Wakil Bupati Aceh Utara Fauzi mengapresiasikan atas kerja keras direktur bersama wakil, bidan dalam mewujudkan rumah sakit pendidikan. Namun, ia berharap tidak cepat dengan keberhasilan sudah diperoleh, tapi terus tingkatkan pelayanan kepada masyarakat, sehingga bisa masyarakat sudah nyaman, pemkab akan nyaman.

“Saya hadir langsung ke kemarin sat kunjungan visitasi untuk persiapan RS pendidikan. Dalam pertemuan itu saya menyampaikan memberikan dukungan penuh dihadapan tim,”katanya Wabup berharap supaya kedisiplinan terus dijaga dan ditingkatkan lagi.

Penambahan alat kesehatan 2016-2017

·         Alat kemoterapi untuk melayani pasien kanker

·         Alat endoskopi untuk pemeriksa saluran pencernaan, audio metri untuk pemeriksaan ketulisan pada orang dewasa

·         Oto Acoustic Emision (OAE) untuk pemeriksaan ketulisan pada bayi

·         Gen Expert dapat melayani pasien pasien TBC yang sudah resisten terhadap obat tertentu

·         CD4 untuk pemeriksaan HIV dan Aids

·         Alat mikrobiologi yang berfungsi untuk pemeriksaan kuman

·         CT-Scan hasil diagnosa lebih akurat dan sangat cepat dengan radiasi lebih rendah

·         Alat laser mata

·         Alat pemecah batu ginjal (dalam proses)
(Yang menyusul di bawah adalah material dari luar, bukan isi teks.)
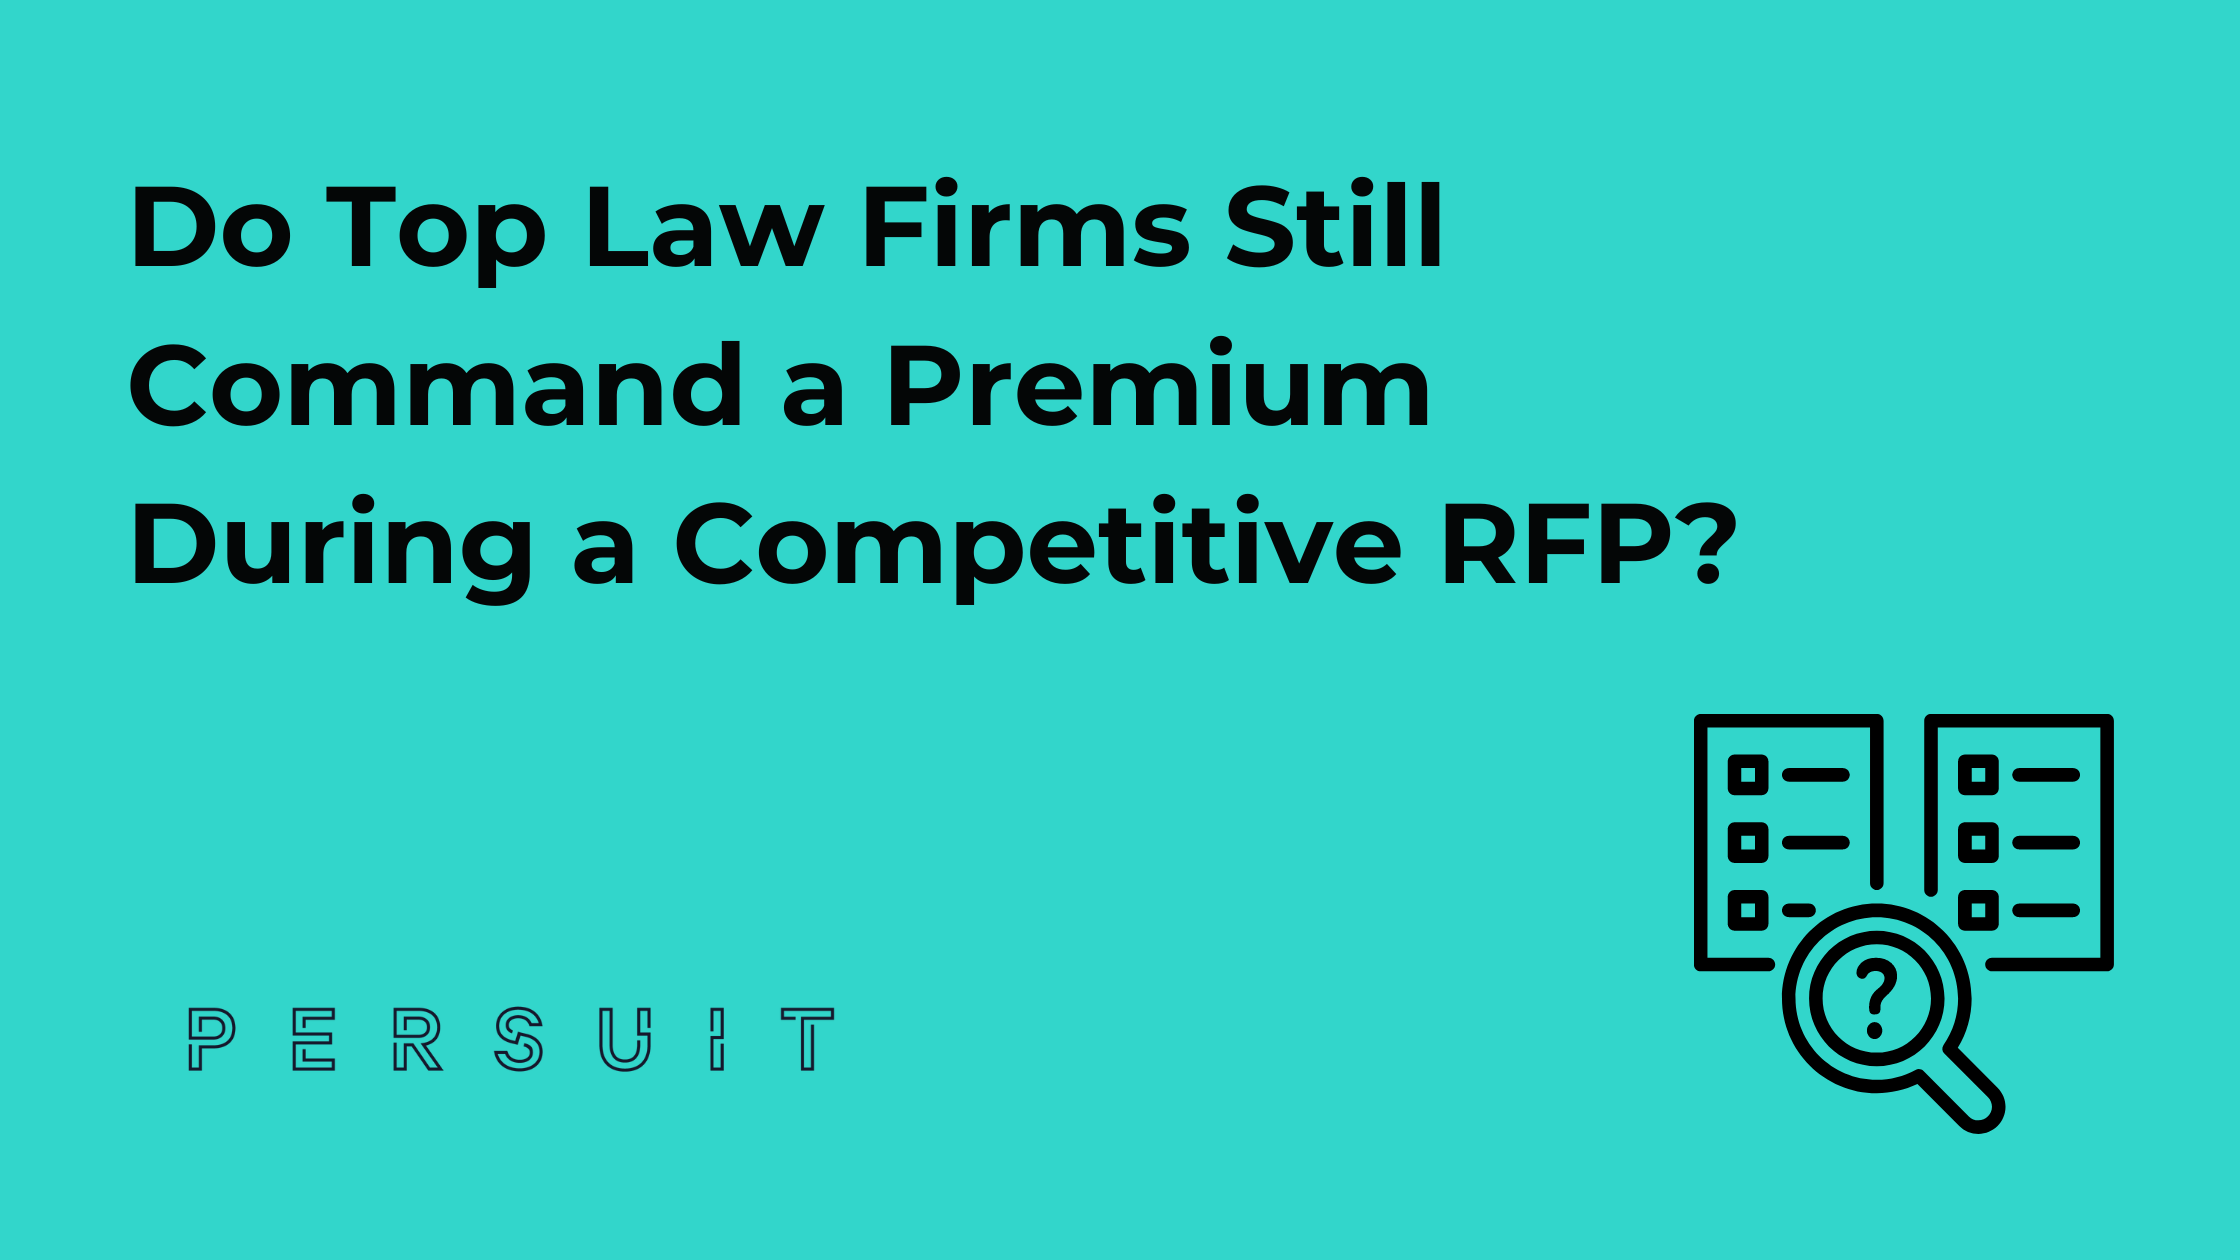 Do Top Law Firms Still Command a Premium During a Competitive RFP?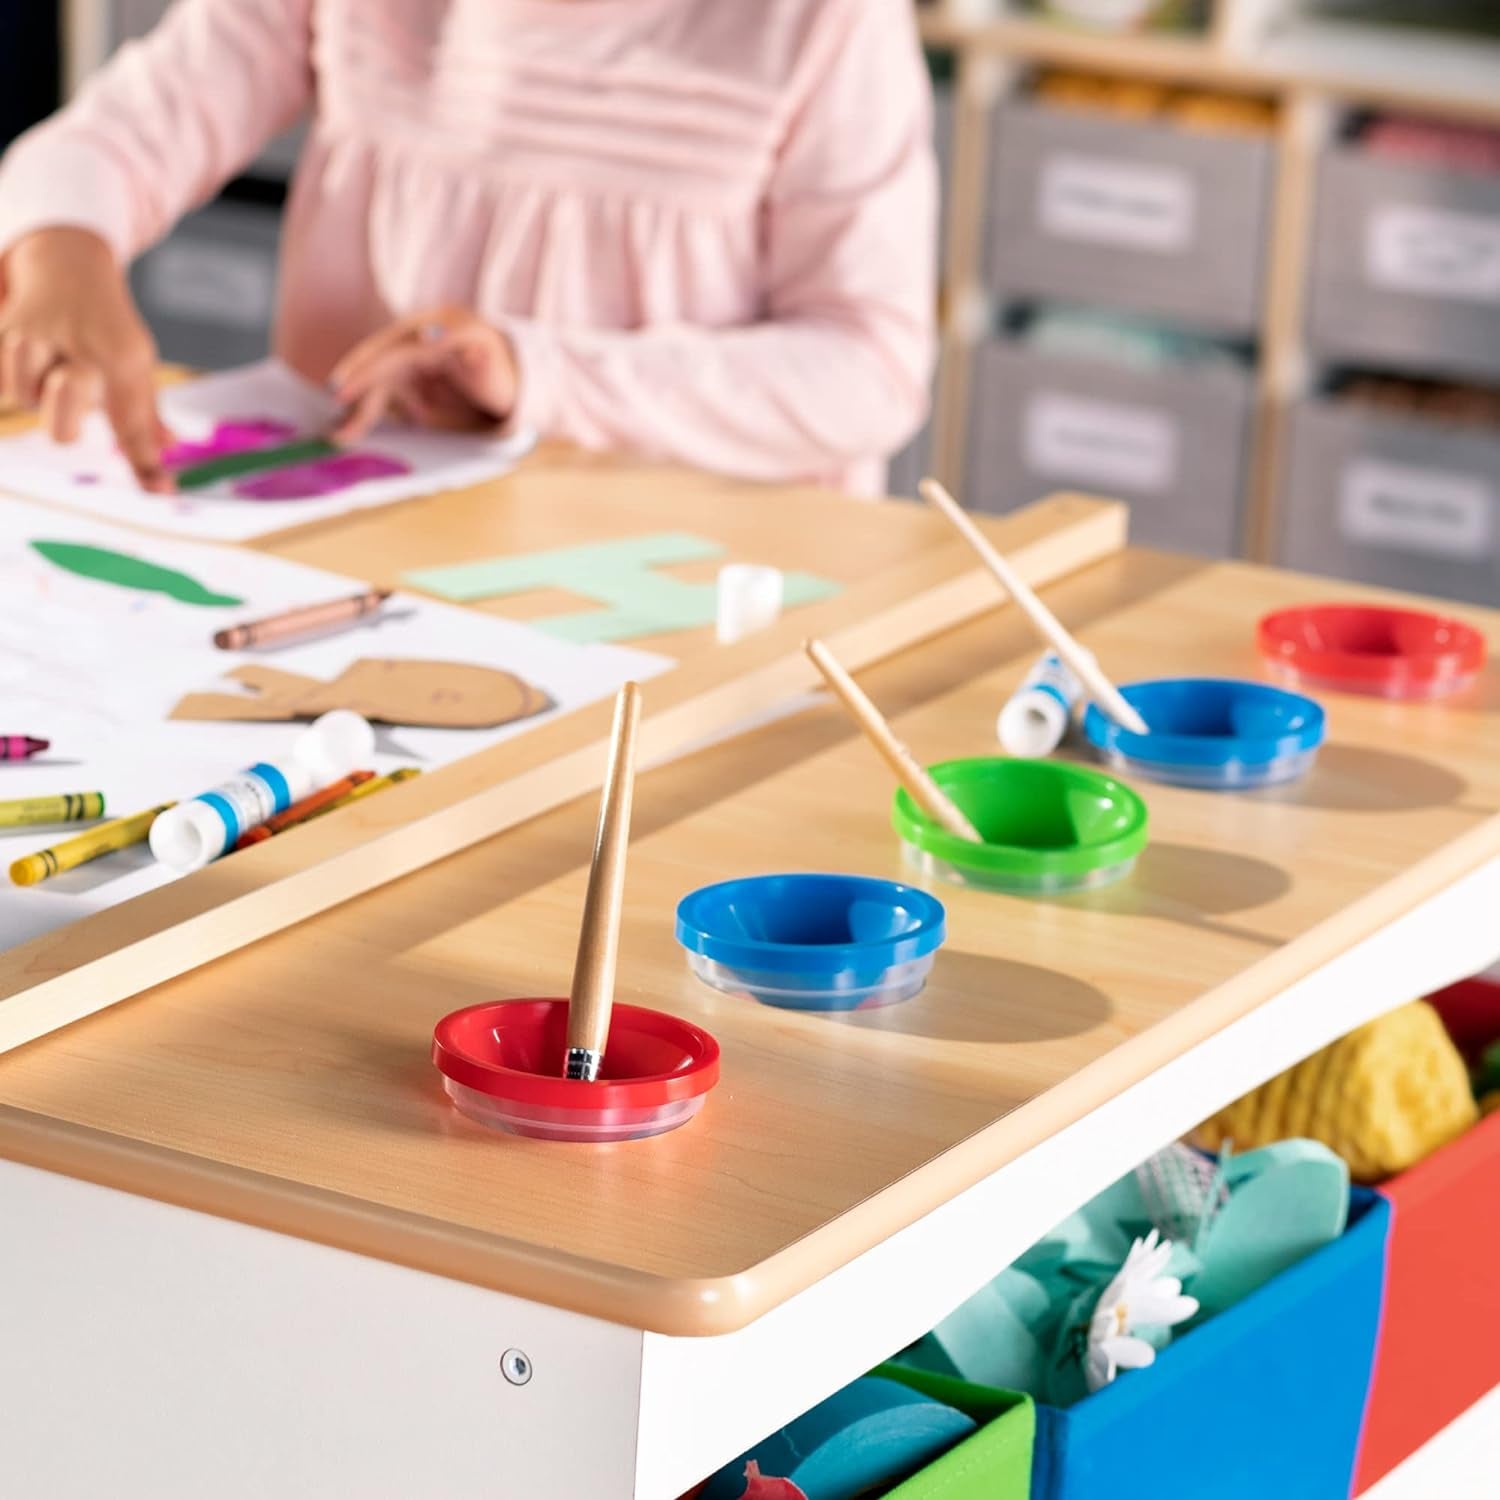 Arts and Crafts Center: Kids Activity Table and Drawing Desk with Stools, Storage Canvas Bins, Paper Roller, and Paint Cups | Toddlers Work Station - Children'S Wooden Learning Furniture

·         Endourologi untuk pemecah batu ginjal pada saluran kemih

·         Phaco Elmusifikasi untuk operasi katarak dengan alat laser

Penambahan poliklinik 2016-2018

·         Konsultan HT (hidung tenggorokan dan ginjal)

·         Bedah Digestif dan Onkologi (Tumor)

·         Diabetes Melitus (kencing manis)

·         Urologi (saluran kemih dangenital)

·         Ortopedi (cedera akut,kronis, dan trauma)

·         VCT dan CTS (layanan konseling dan testing dan perawatan, dan dukungan dan  pengobatan)

·         Poli Geriatri (Fisiologis)

·         Recovery Room (Pemulihan pasien pasca operasi)

·         Perawat pencegah dan pengendali infeksi (IPCN)

·         Pelayanan Keluarga Berencana Rumah Sakit (PKBRS)

·         Jantung

Penambahan dokter specialis 2016-2018

·         Specialis Bedah 1 orang

·         Konsultan Bedah Onkologi !orang

·         Specialis obgin (kehamilan dan persalinan) 1orang

·         Specialis anestesi (pembiusan) 1 orang

·         Specialis anak 1 orang

·         Specialis penyakit dalam 2 orang

·         Specialis gigi 1 orang

·         Kedokteran jantung dan pembuluh darah 1 orang

·         Specialis bedah mulut 1orang

·          Dokter umum 2 orang

·         Dokter kontrak 7 orang

·         Dokter magang 11 orang

Penambahan gedung dan ruangan 2016-2018

·         Gedung laboratorium patologi klinik

·         Gedung IGD

·         Gedung Farmasi

·         Gedung Hemolialisa

·         Gedung Rawat inap kelas II

·         Kafetaria 8 unit

·         Kantin 18 unit

·         Atm Center

·         Peluasan Gedung utama

·         Sedangkan untuk rehab, gedung utama, ruang paru, dan ruang operasi.